Heavy Pot Smoking Linked With Stunted Growth


Boys who smoked marijuana heavily were significantly smaller than their peers by the end of their adolescent growth phase, according to a study conducted in Pakistan.

Study participants who were described as “marijuana addicts” during boyhood were on average 4.6 inches shorter and 4 kg lighter at age 20 than nonsmokers, reported lead investigator Syed Shakeel Raza Rizvi, PhD, and colleagues at the PMAS-Arid Agriculture University Rawalpindi, in a presentation at the European Congress of Endocrinology in Dublin.

The investigators compared height; weight; and levels of luteinizing hormone, testosterone, growth hormone, and cortisol in 220 marijuana-addicted and 217 nonpot-smoking boys.

Plasma concentrations of luteinizing hormone, testosterone, and cortisol were significantly higher in the marijuana addicted boys, but levels of growth hormone were significantly lower.

Chronic pot smoking may trigger a stress response that stimulates the onset of puberty but lowers growth hormone levels, the researchers suggested, on the basis of a separate set of laboratory experiments.

To determine the acute effect of smoking marijuana on cortisol levels, the researchers measured salivary cortisol in 10 “drug addict volunteers” of unstated age before, during, and after smoking a 0.25 g marijuana cigarette. “Acute administration of marijuana induced significant increases in the salivary concentrations of cortisol,” the researchers reported.

“The mechanism underlying the stimulation of reproductive function by marijuana in pubertal boys needs to be examined in detail. Furthermore, the suppressive effect of cortisol on growth directly through inhibition of growth at the cellular level by depletion of nutrients or indirectly through inhibition of growth hormone secretion needs to be further studied,” Rizvi said via email to MedPage Today.
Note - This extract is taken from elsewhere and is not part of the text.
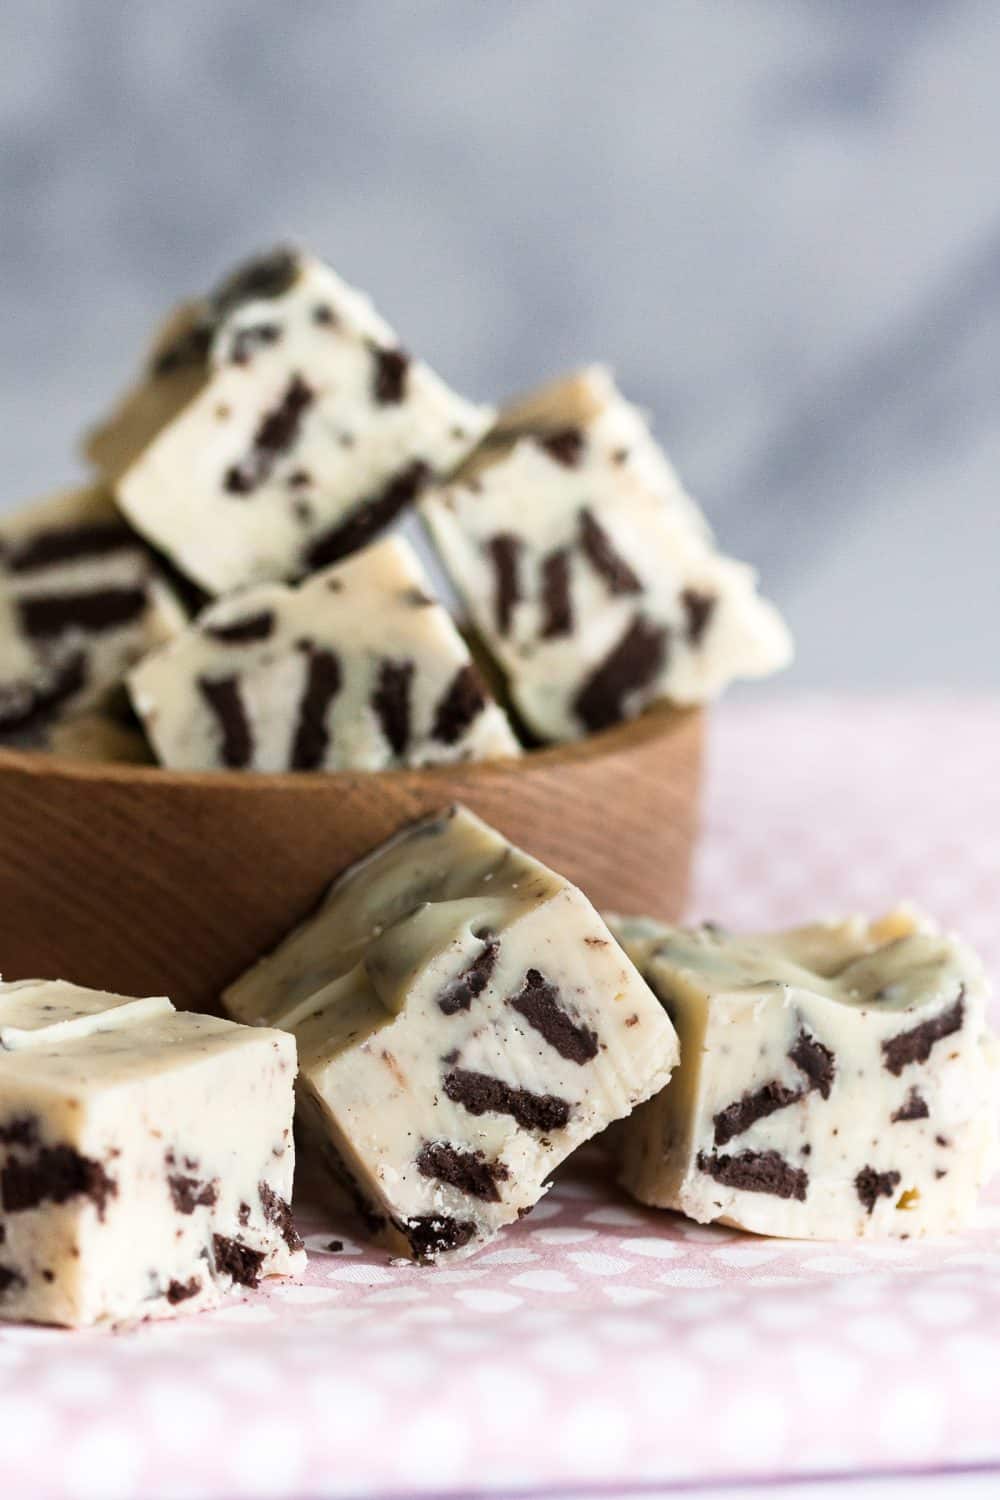 With just 4 ingredients and a few minutes, you can whip up this crowd-pleasing easy cookies and cream fudge! This easy fudge recipe is perfect for parties or a sweet edible gift. * GoodieGodmother.com

“In addition, it is to be ascertained whether cortisol itself or some other factor like nutritional status is attributable to decline in growth rate in pubertal marijuana addicted boys. We are examining these aspects currently,” Rizvi said.

In the U.S., marijuana is the most popular drug among young people, with 11.7% of 8thgraders and 35.1% of 12th graders reporting having used it within the past year, according to a 2014 survey from the National Institute on Drug Abuse (NIDA).

More than 6% of 8th graders and 21% of 12th graders reported using marijuana within the past month, the survey found, and about 1% and 6% of 8th and 12th graders, respectively, said they used the drug daily.